One UK company I keep a close eye on is Lloyds Banking Group (LSE: LLOY). That’s because I regard the Black Horse bank as a rough bellwether for the UK’s economic health. Thus, when Lloyds shares are doing well, British business is often flourishing. So how has the bank’s share price fared of late?
Lloyds shares slide in 2022
For the record, here’s how the Lloyds share price (currently 43.4p) has performed over seven different timescales:
|Year to date||-9.2%|
As you can see, Lloyds stock has dropped almost a tenth so far this calendar year. To me, that doesn’t seem too bad, given the background of red-hot inflation, rising interest rates, plunging consumer confidence, the Russia-Ukraine war, and the rising risk of a global recession. That said, Lloyds shares have been something of a dog over the past half-decade, losing more than a third of their value.

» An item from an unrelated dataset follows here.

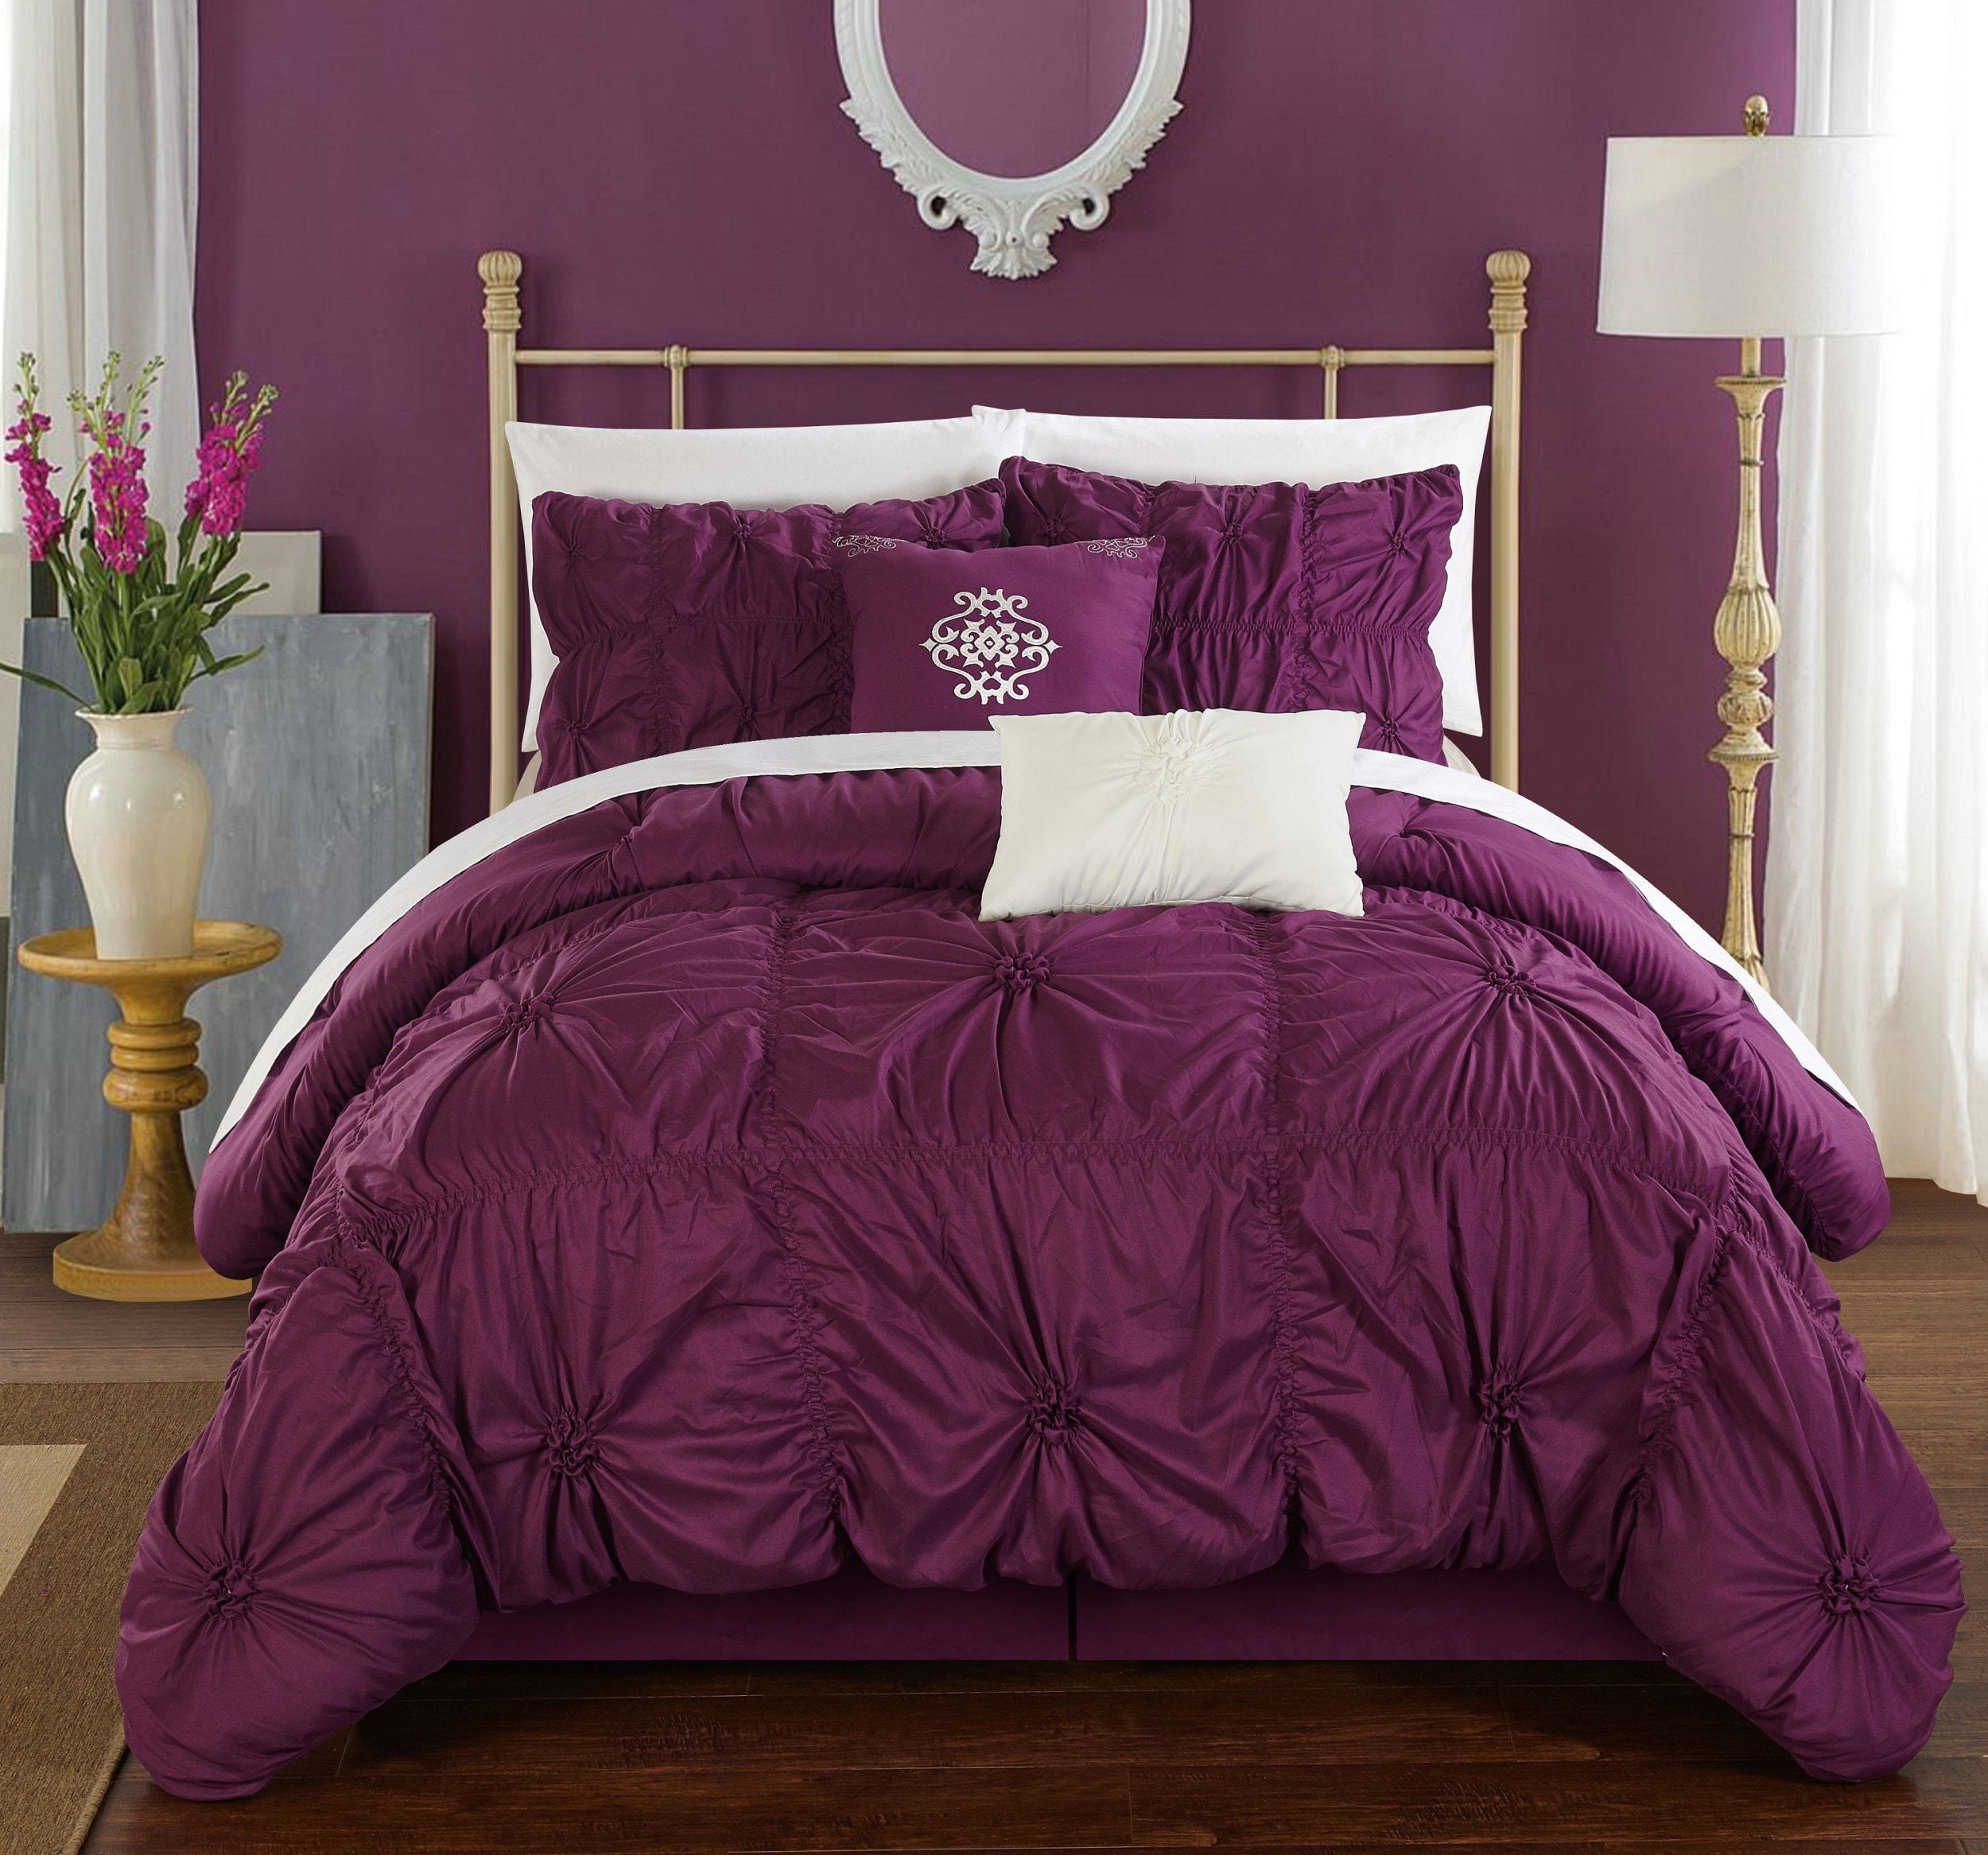 Chic Home Design Halpert 10-Piece Purple Queen Comforter Set in the
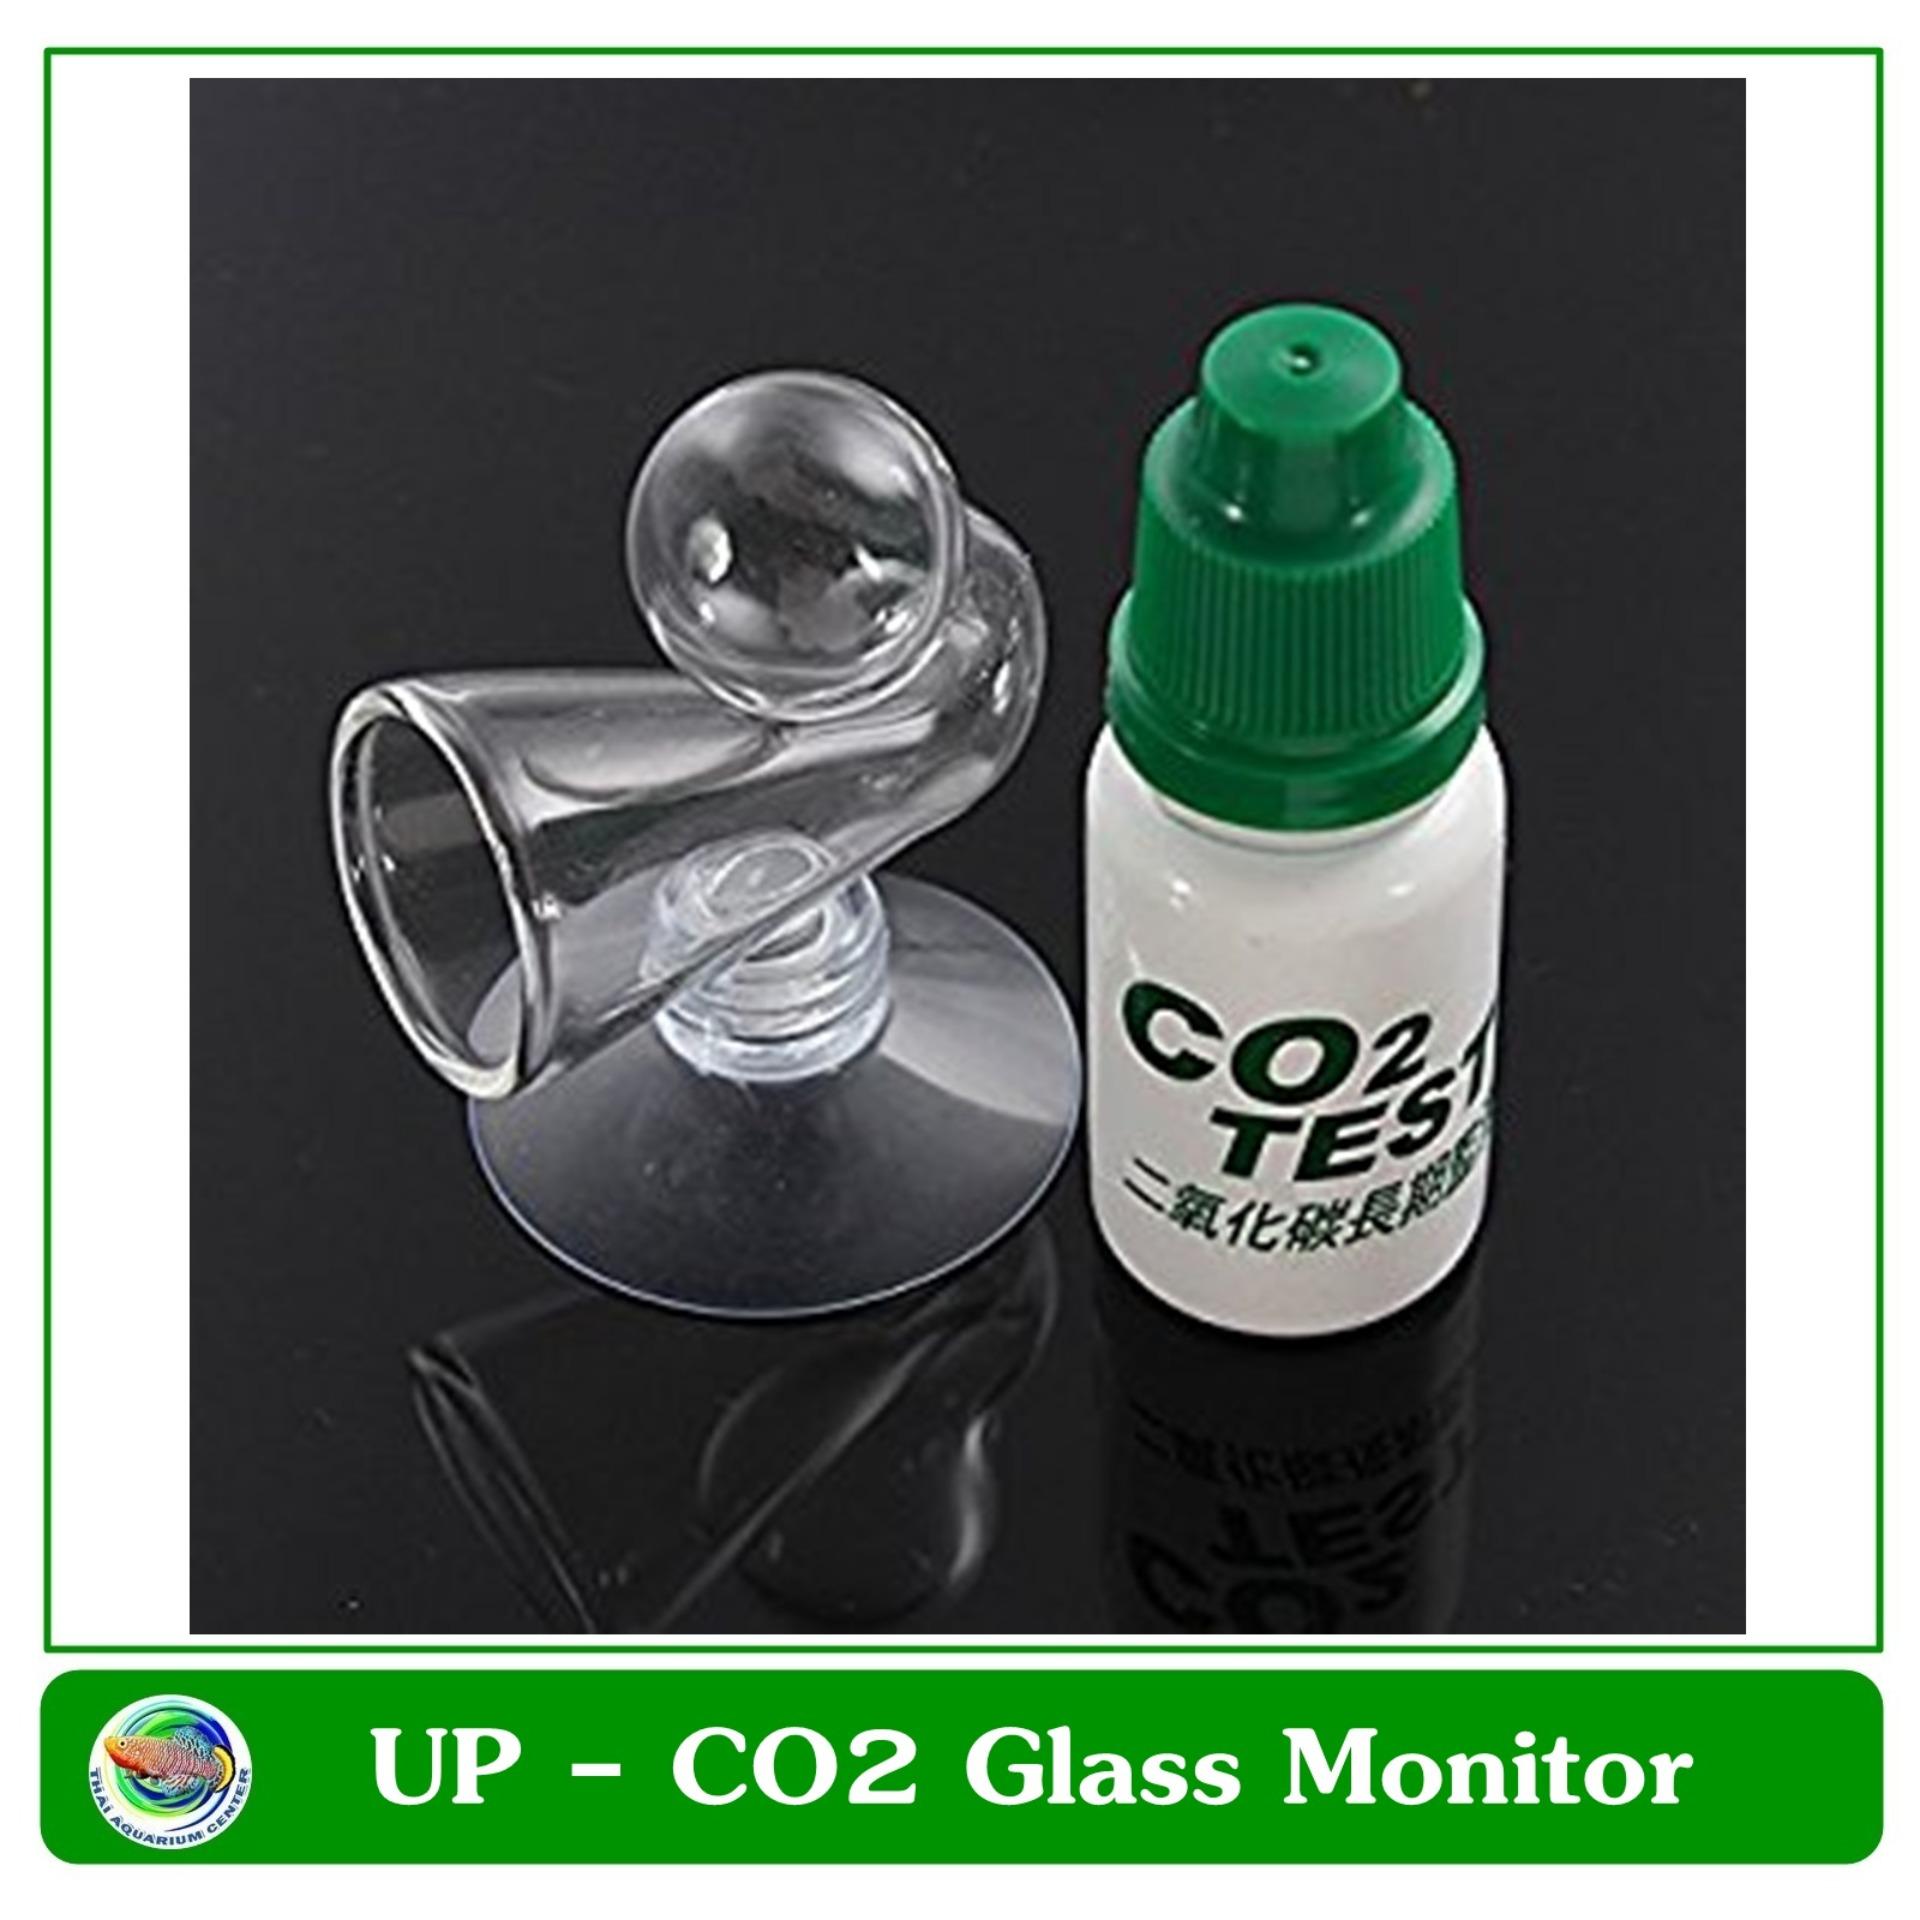 ชุดทดสอบน้ำยาทดสอบระดับ Co2 และ pH สำหรับตู้ปลาและตู้ไม้น้ำ (น้ำยา+หลอดแก้วเทส) ทดสอบคาร์บอนไดออกไซด์ Aquatic Co2 Glass set for Drop Checker pH Monitor

What might revive the share price in 2022-23?
After recent declines, here’s how the bank’s fundamentals stack up right now:
|52-week low (7 March 2022)||38.1p|
|52-week high (17 January 2022)||56p|
As things stand, the Lloyds share price is much closer to its March low of 38.1p than its January (pre-war) peak of 56p. At first glance, this leads me to believe that there may be hidden value in this popular and widely held stock. After all, the current no-premium price tag of £30bn would buy me one of the UK’s largest retail banks with up to 30m customers and almost 65,000 workers. That doesn’t seem pricey to me.
However, the problem with the above figures is that they’re trailing — backward-facing — numbers. And 2021-22 was an outstanding year for Lloyds, as the bank released billions of pounds of reserves previously set aside against loan losses. With a cost-of-living crisis rocking the UK this year, it’s likely that the bank’s latest results will take a hit as economic growth slows.
What next for this stock?
What would I like to see to support the current Lloyds share price and pump it up in future? First, I’d like to see some resilience in earnings in its half-year results, due to be released on 27 July. Rising interest rates should widen Lloyds’ net interest margin and, therefore, boost interest income.
Most importantly, I’d like to see a commitment from the board of directors to lift cash dividends over time. At present, this stock has a dividend yield of 4.6% — about 1.2 times the wider FTSE 100‘s cash yield. I’d like to see this move up to 5% and beyond, as financial conditions allow. Also, with the bank’s balance sheet in good shape, I’d be delighted to see some spare capital used for buybacks while the shares price lingers at modest levels. Finally, I don’t own Lloyds shares currently, but would happily buy these cheap shares at present prices!